• **What this task involves**:
Word for word, copy the lines from the one with "98bca457acb Adulto Unisex" to the last line of the data below, counting both, and keep every picture out.

[Records from a collection]
━━━━━━━━━━━━━━━━━━━━━━━━━━━━━━
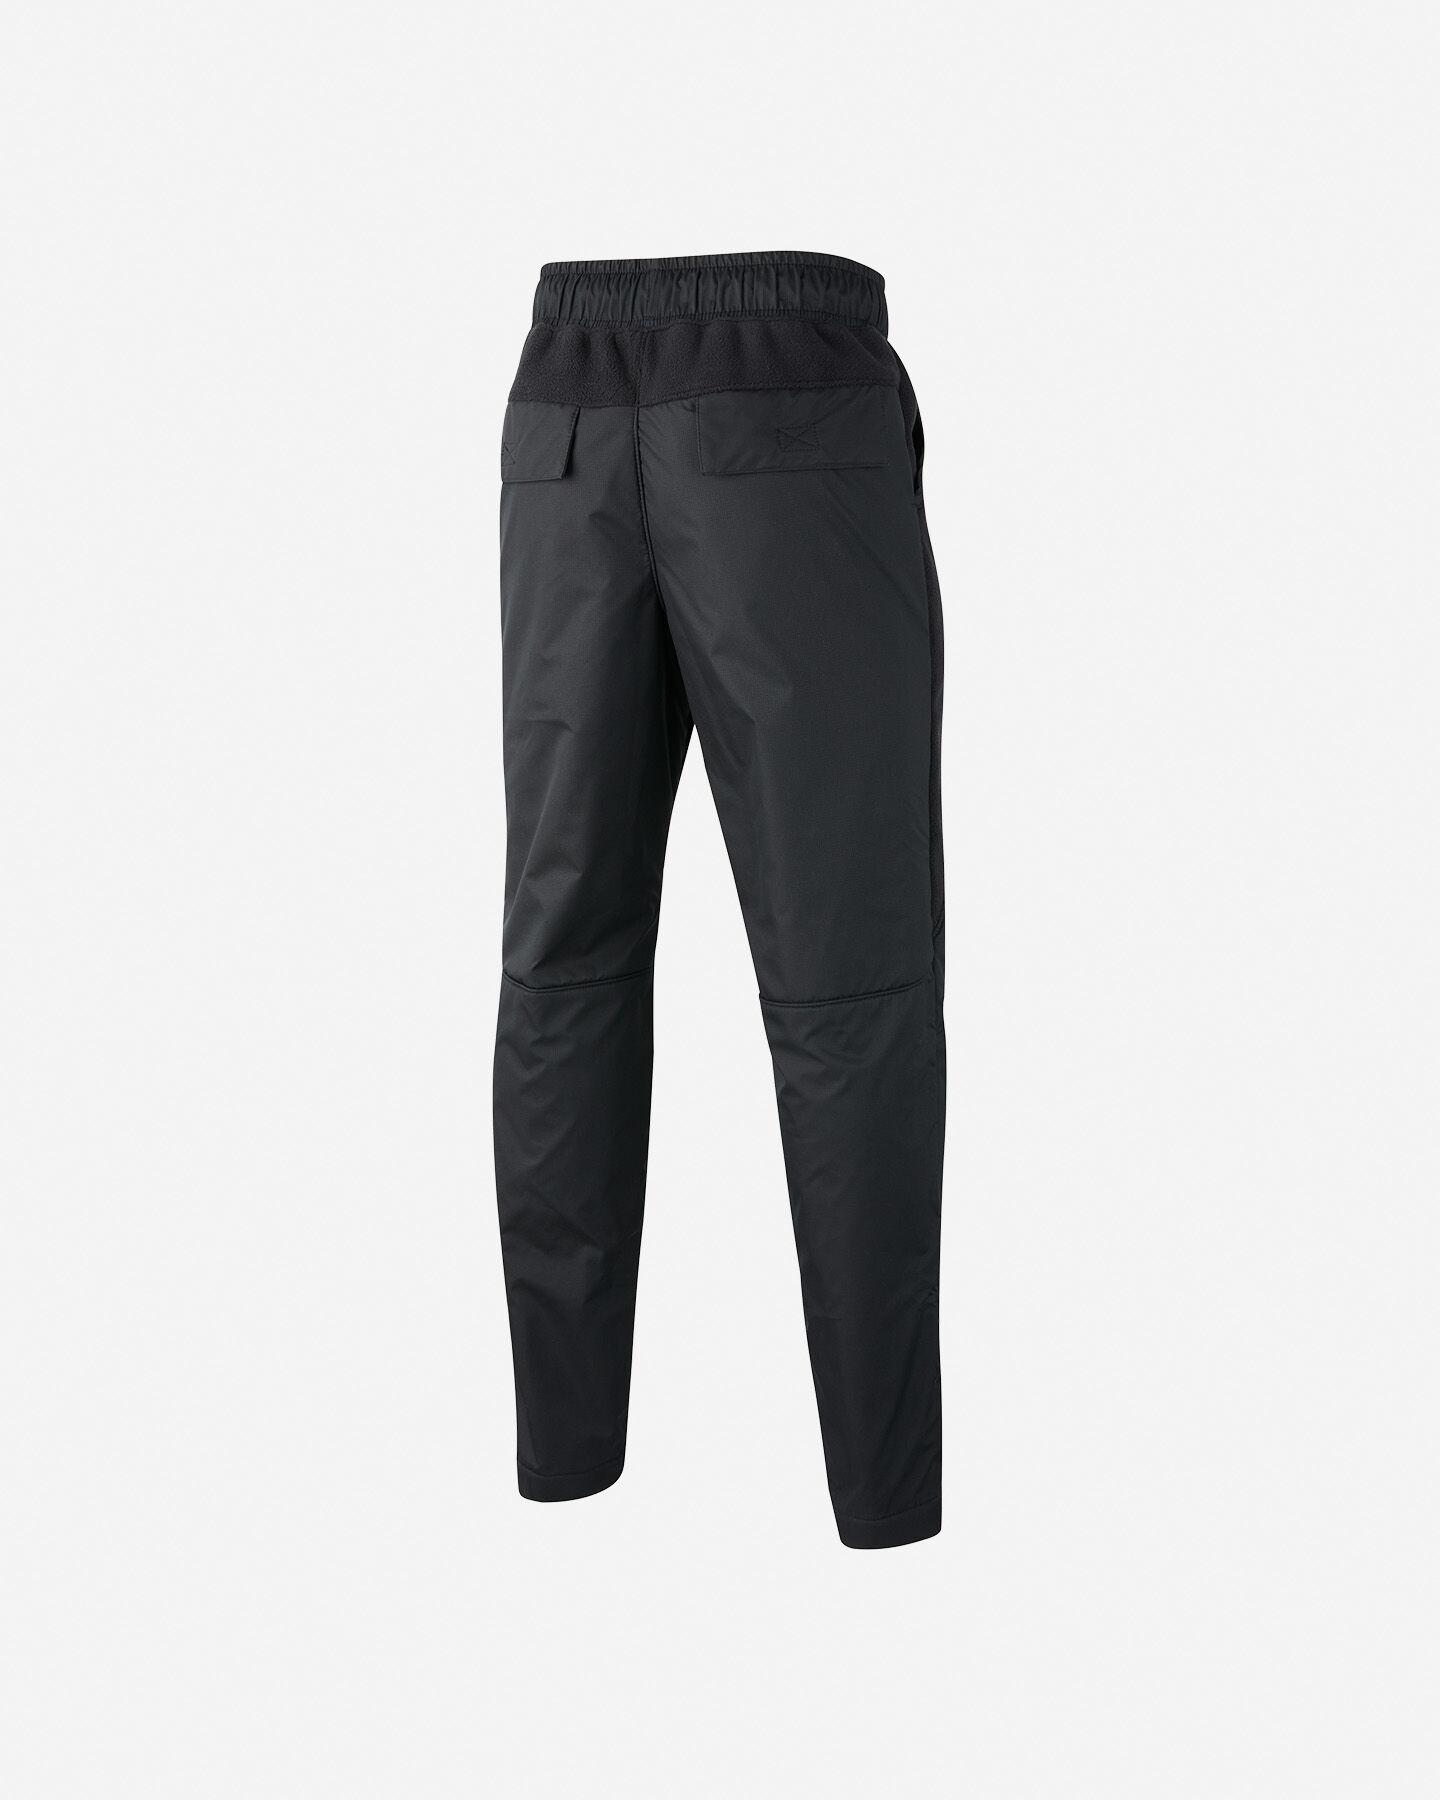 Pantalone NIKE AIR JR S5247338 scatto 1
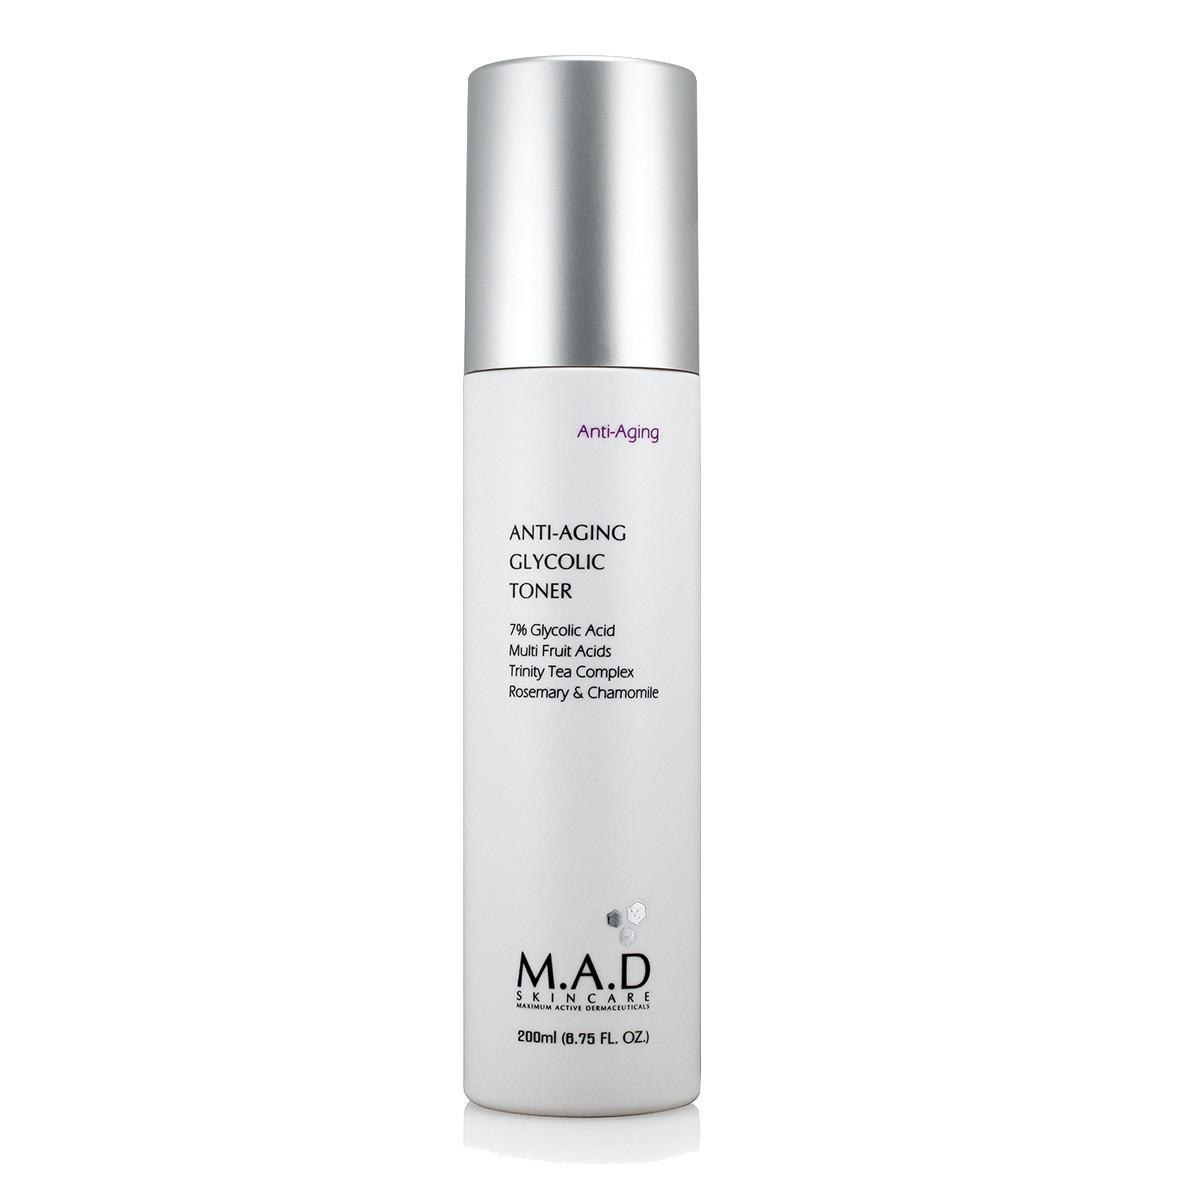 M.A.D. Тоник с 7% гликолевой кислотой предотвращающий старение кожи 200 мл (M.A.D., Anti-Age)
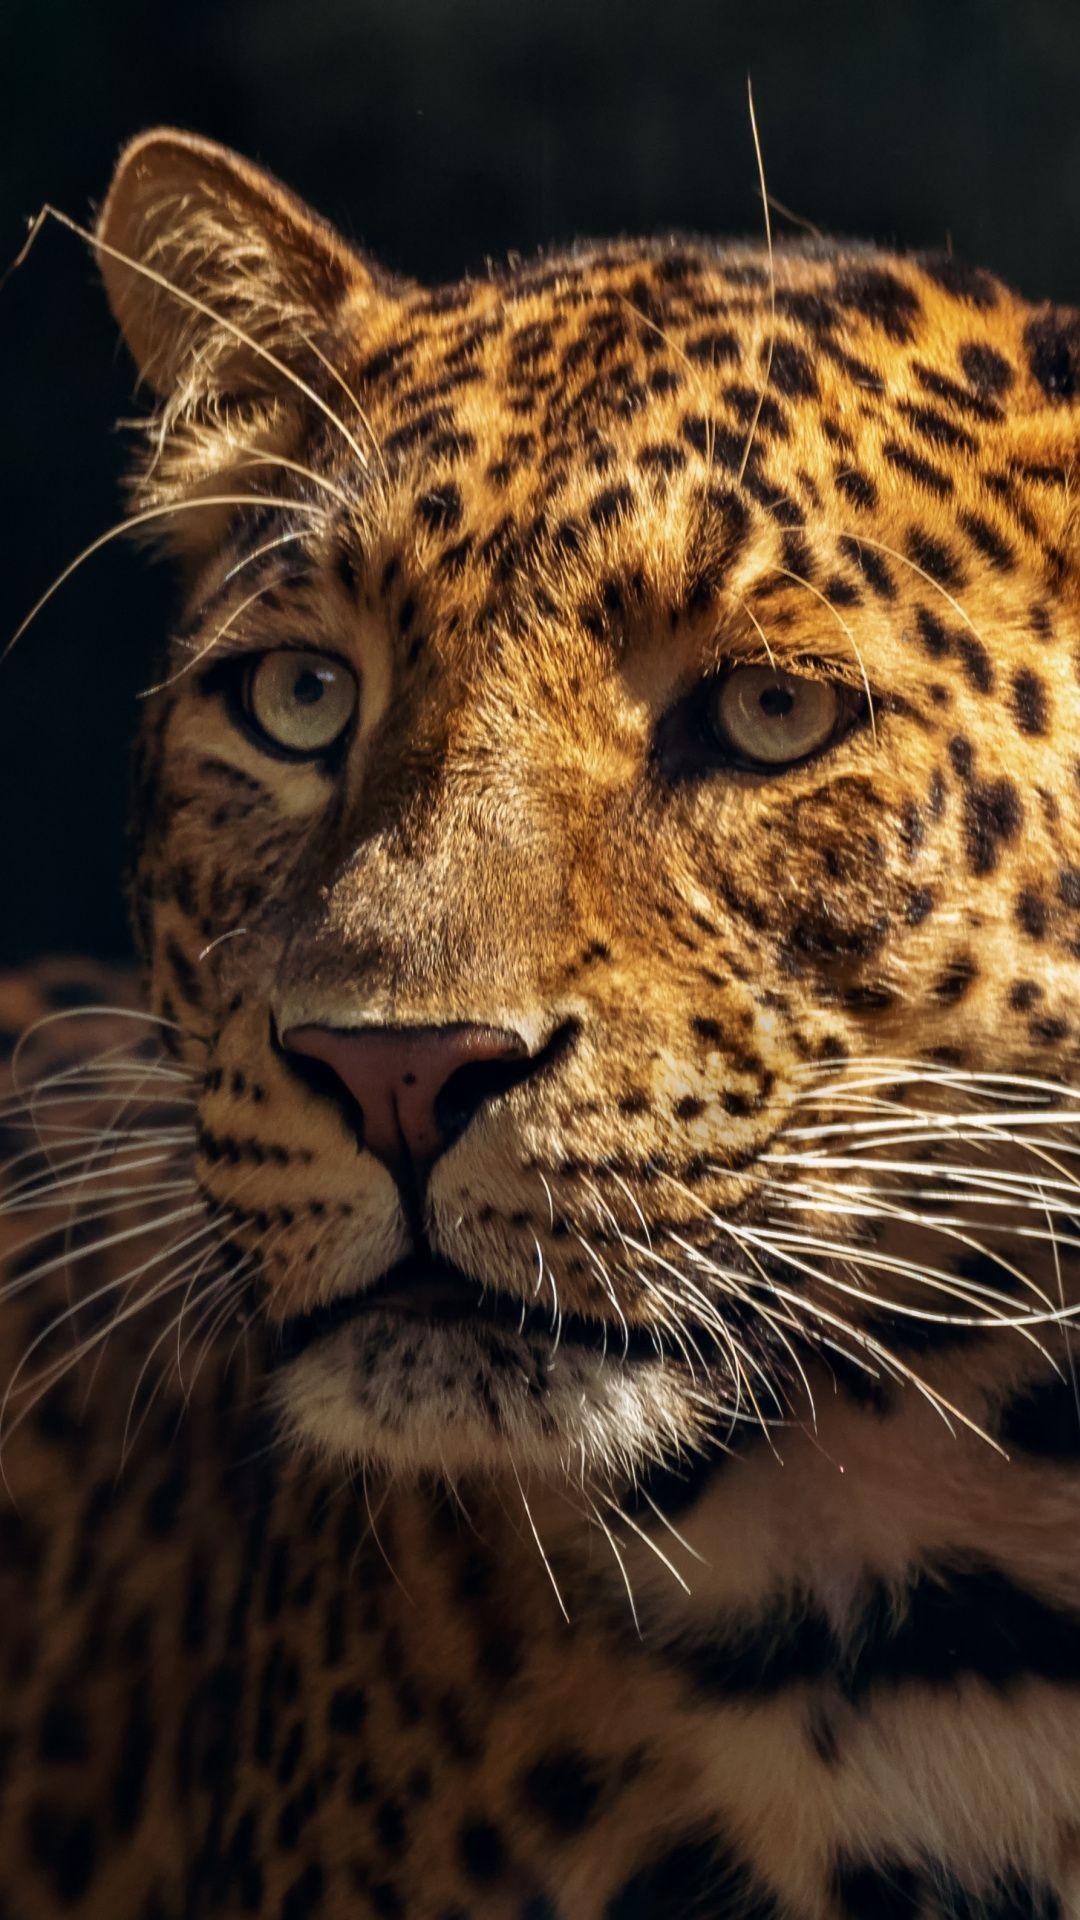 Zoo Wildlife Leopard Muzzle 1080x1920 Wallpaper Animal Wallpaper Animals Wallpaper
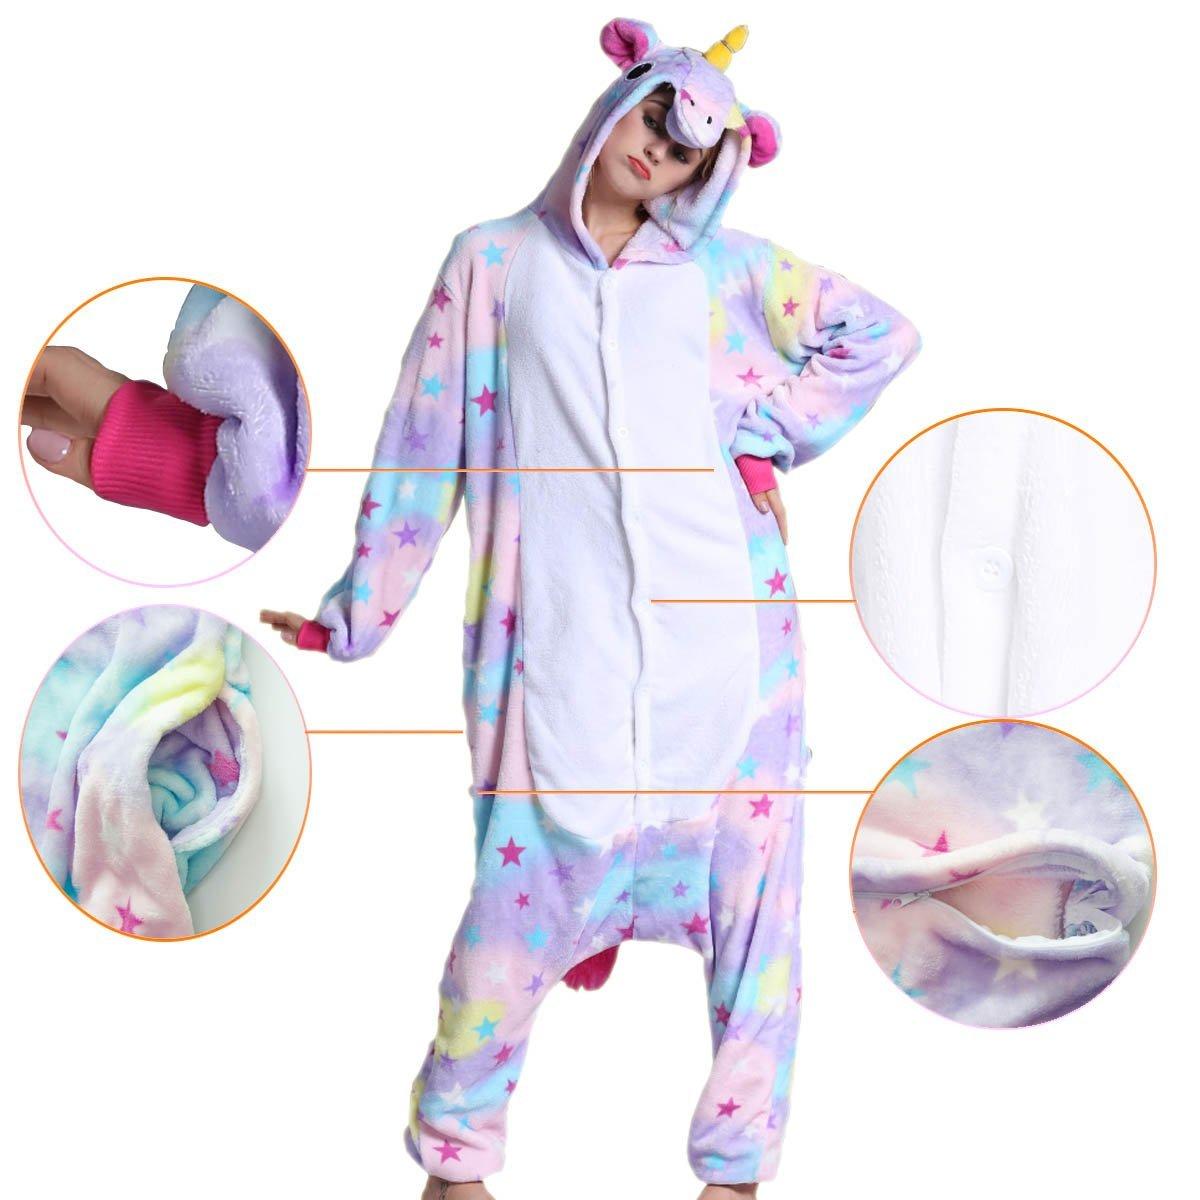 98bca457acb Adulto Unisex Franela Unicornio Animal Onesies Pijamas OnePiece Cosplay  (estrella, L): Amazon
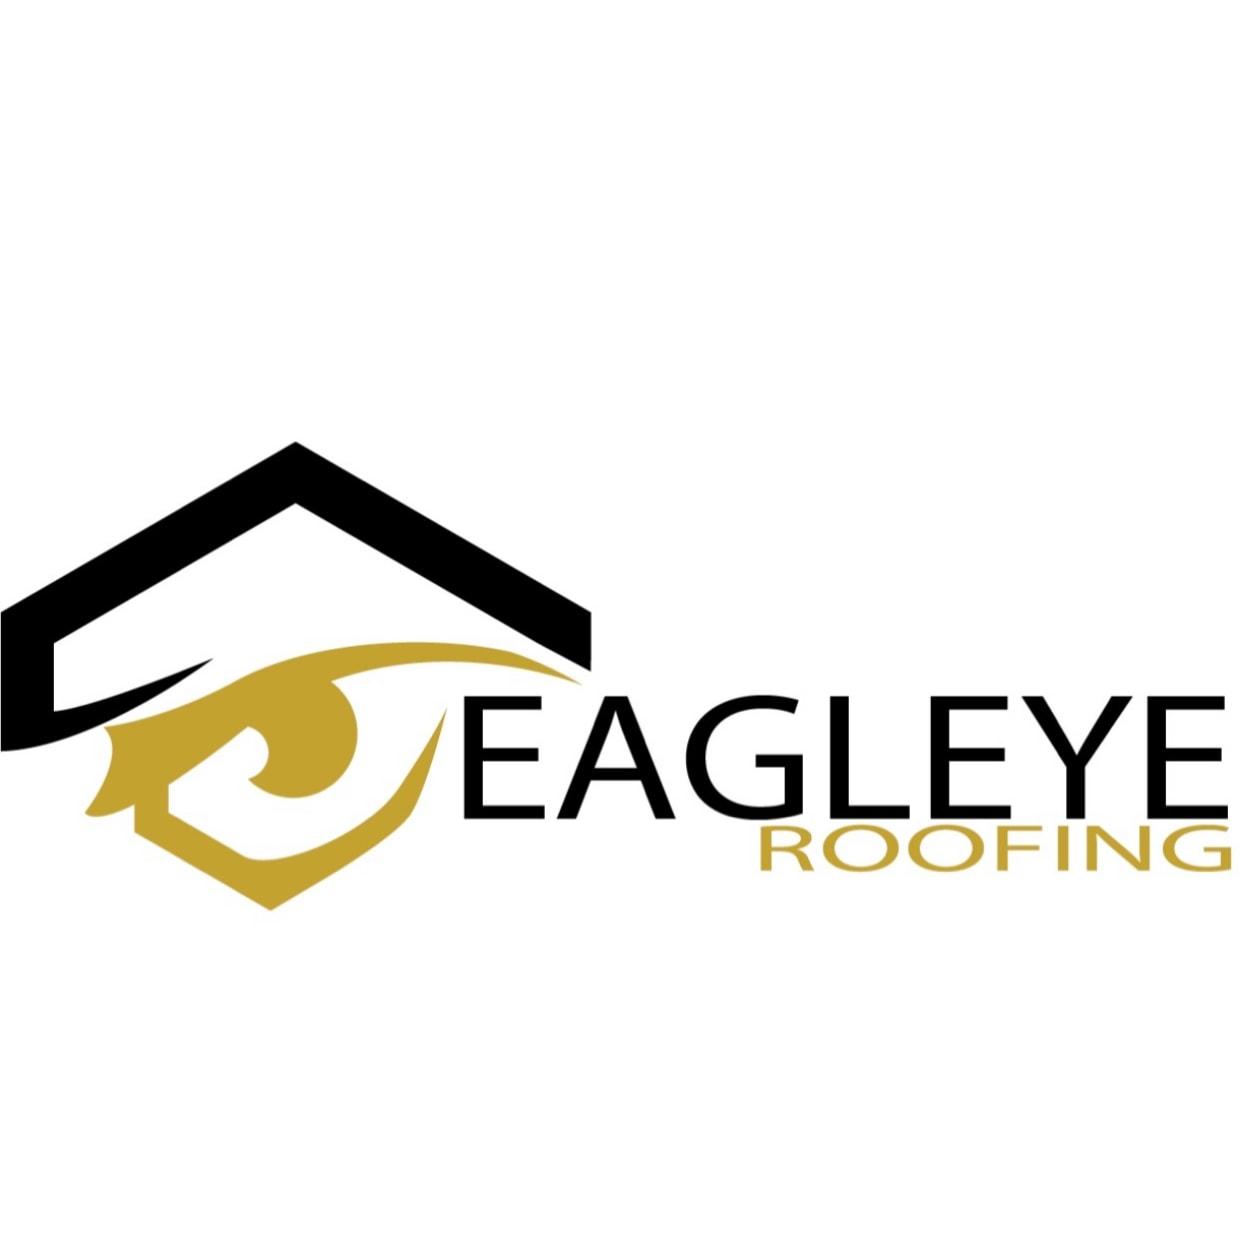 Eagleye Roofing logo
━━━━━━━━━━━━━━━━━━━━━━━━━━━━━━
• **Finished exercise**:
 98bca457acb Adulto Unisex Franela Unicornio Animal Onesies Pijamas OnePiece Cosplay  (estrella, L): Amazon
 Eagleye Roofing logo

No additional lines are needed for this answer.